In a judicial review proceeding, such as this would be, the Court cannot rehear an applicant’s application for a visa. Its task is to determine whether the Tribunal’s decision is affected by jurisdictional error as that is the only basis upon which it can be set aside: s.474 of the Migration Act 1958 (Cth) (“Act”); Plaintiff S157/2002 v Commonwealth (2003) 211 CLR 476.
Legislation and Rules
The Act relevantly provided at the time of the Tribunal’s decision:
425 Tribunal must invite applicant to appear
(1)The Tribunal must invite the applicant to appear before the Tribunal to give evidence and present arguments relating to the issues arising in relation to the decision under review.
…
425A Notice of invitation to appear
(1)If the applicant is invited to appear before the Tribunal, the Tribunal must give the applicant notice of the day on which, and the time and place at which, the applicant is scheduled to appear.
(2)The notice must be given to the applicant:
(a)except where paragraph (b) applies—by one of the methods specified in section 441A; or
…
…
426A Failure of applicant to appear before Tribunal
Scope
(1) This section applies if the applicant:
(a)is invited under section 425 to appear before the Tribunal; but
(b)does not appear before the Tribunal on the day on which, or at the time and place at which, the applicant is scheduled to appear.
Tribunal may make a decision on the review or dismiss proceedings
(1A) The Tribunal may:
…
(b)by written statement under section 426B, dismiss the application without any further consideration of the application or information before the Tribunal.
Reinstatement of application or confirmation of dismissal
(1B)If the Tribunal dismisses the application, the applicant may, within 14 days after receiving notice of the decision under section 426B, apply to the Tribunal for reinstatement of the application.
(1C)On application for reinstatement in accordance with subsection (1B), the Tribunal must:
(a)if it considers it appropriate to do so—reinstate the application, and give such directions as it considers appropriate in the circumstances, by written statement under section 426B; or
…
…
(1E)If the applicant fails to apply for reinstatement within the 14‑day period mentioned in subsection (1B), the Tribunal must confirm the decision to dismiss the application, by written statement under section 430.
(1F)If the Tribunal confirms the decision to dismiss the application, the decision under review is taken to be affirmed.
…
426BFailure to appear—Tribunal’s decisions, written statements and notifying the applicant
Decisions to which this section applies
(1)This section applies in relation to the following decisions (each of which is a non‑appearance decision):
(a)a decision to dismiss an application under paragraph 426A(1A)(b);
…
Written statement of decision
(2)If the Tribunal makes a non‑appearance decision, the Tribunal must make a written statement that:
(a)sets out the decision; and
(b)sets out the reasons for the decision; and
(c)in the case of a decision to reinstate an application:
(i)sets out the findings on any material questions of fact; and
(ii)refers to the evidence or any other material on which the findings of fact were based; and
(d) records the day and time the statement is made.

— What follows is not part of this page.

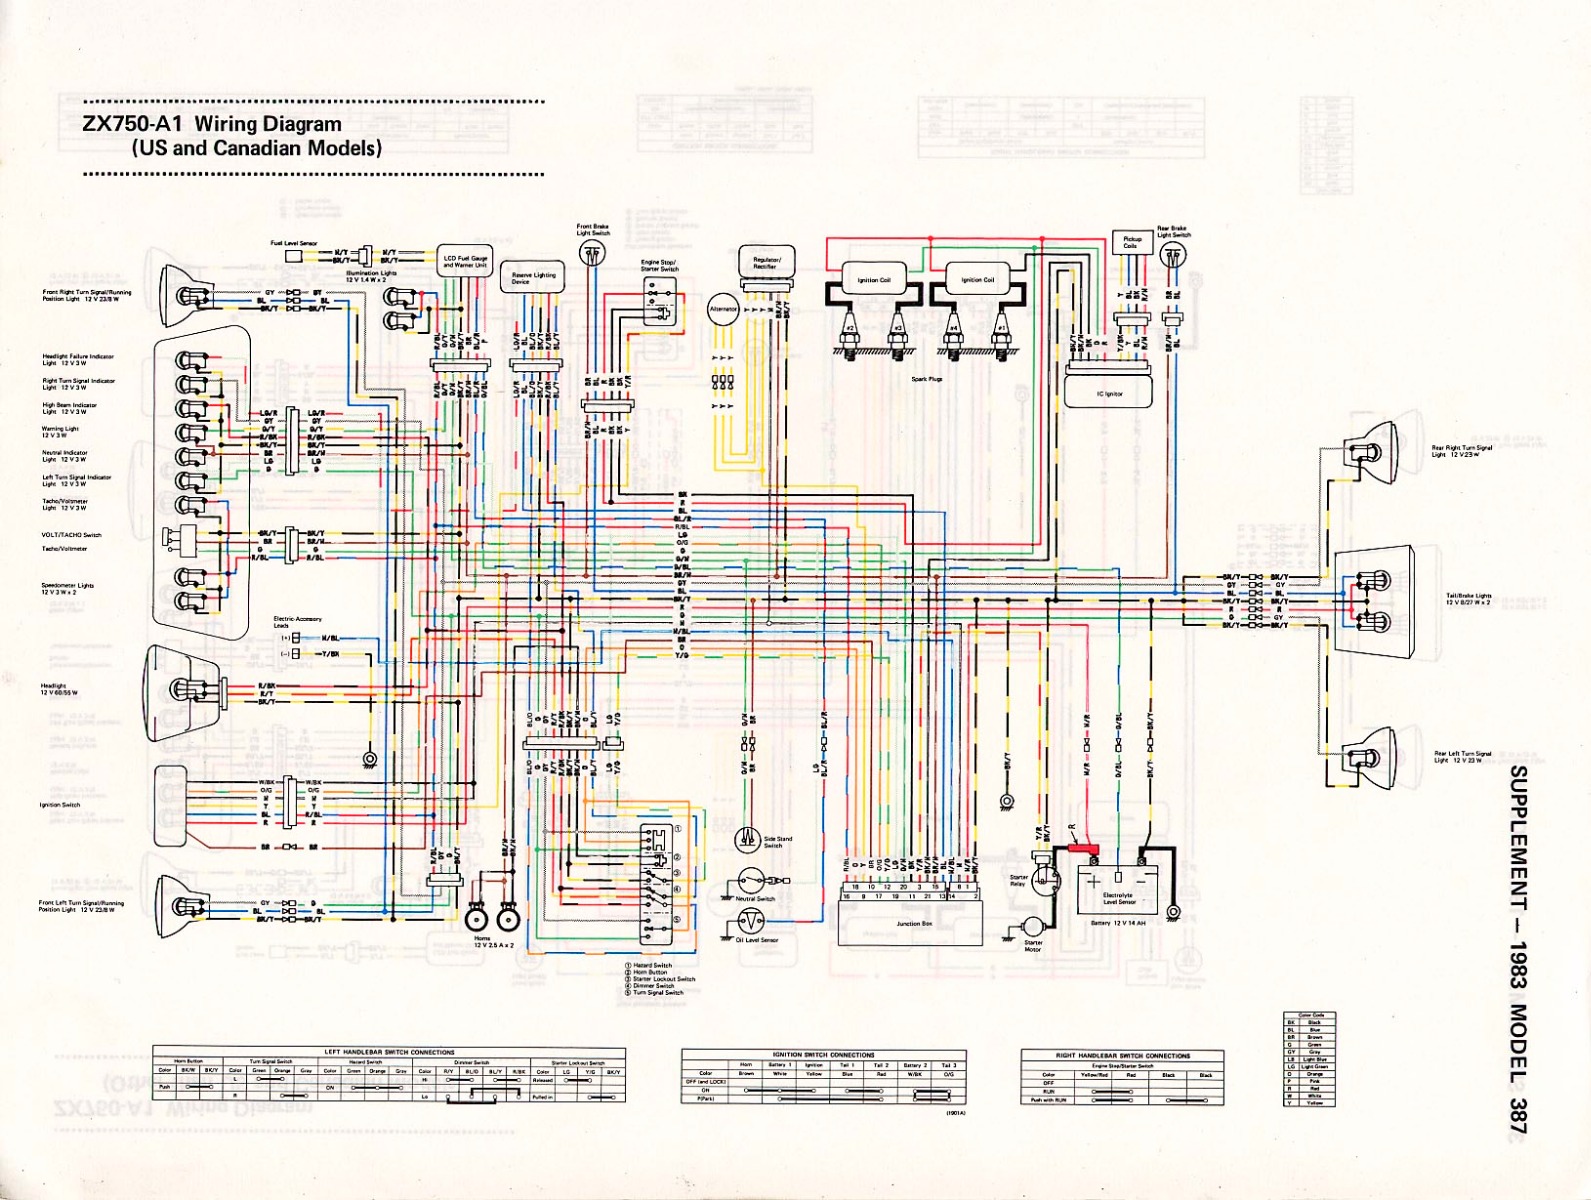 1983 gpz750 igniter wiring diagram - KZRider Forum - KZRider, KZ, Z1
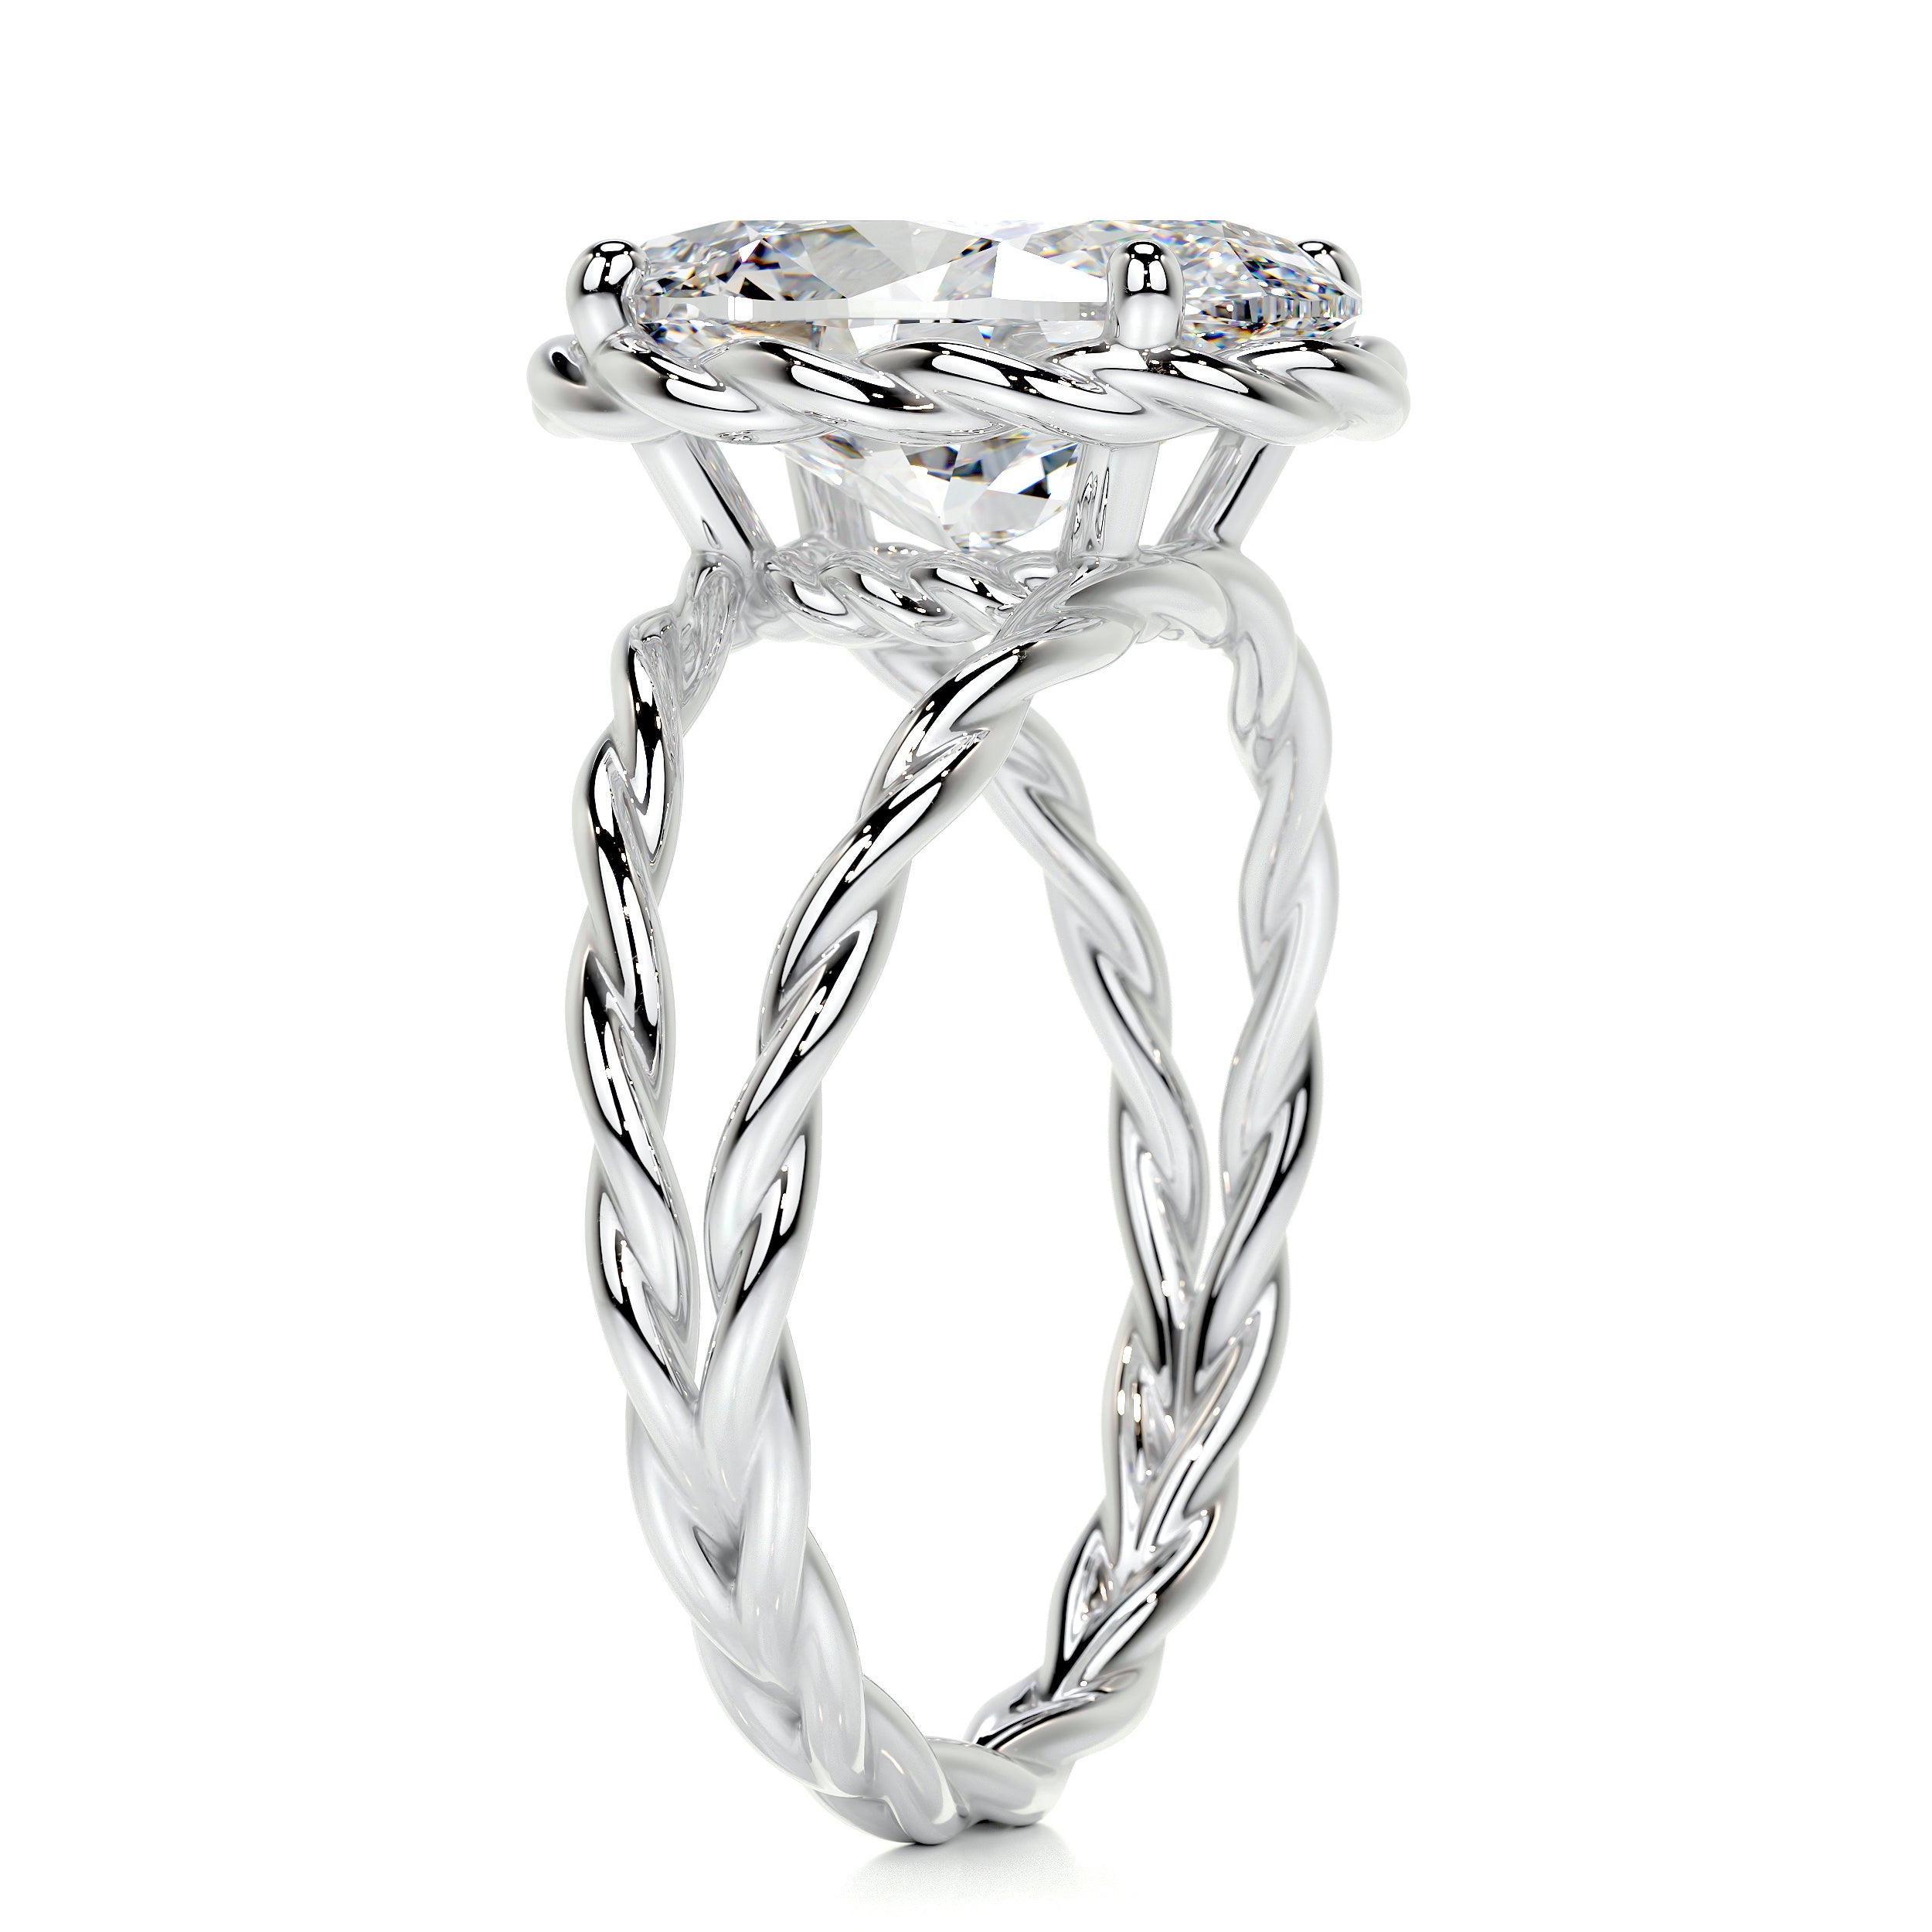 Milani Diamond Engagement Ring   (3 Carat) -18K White Gold

(3) A non‑appearance decision is taken to have been made:
(a) by the making of the written statement; and
(b) on the day, and at the time, the written statement is made.
(4)The Tribunal has no power to vary or revoke a non‑appearance decision after the day and time the written statement is made.
Notice to applicant
(5)The Tribunal must notify the applicant of a non‑appearance decision by giving the applicant a copy of the written statement made under subsection (2). The copy must be given to the applicant:
(a)within 14 days after the day on which the decision is taken to have been made; and
(b)by one of the methods specified in section 441A.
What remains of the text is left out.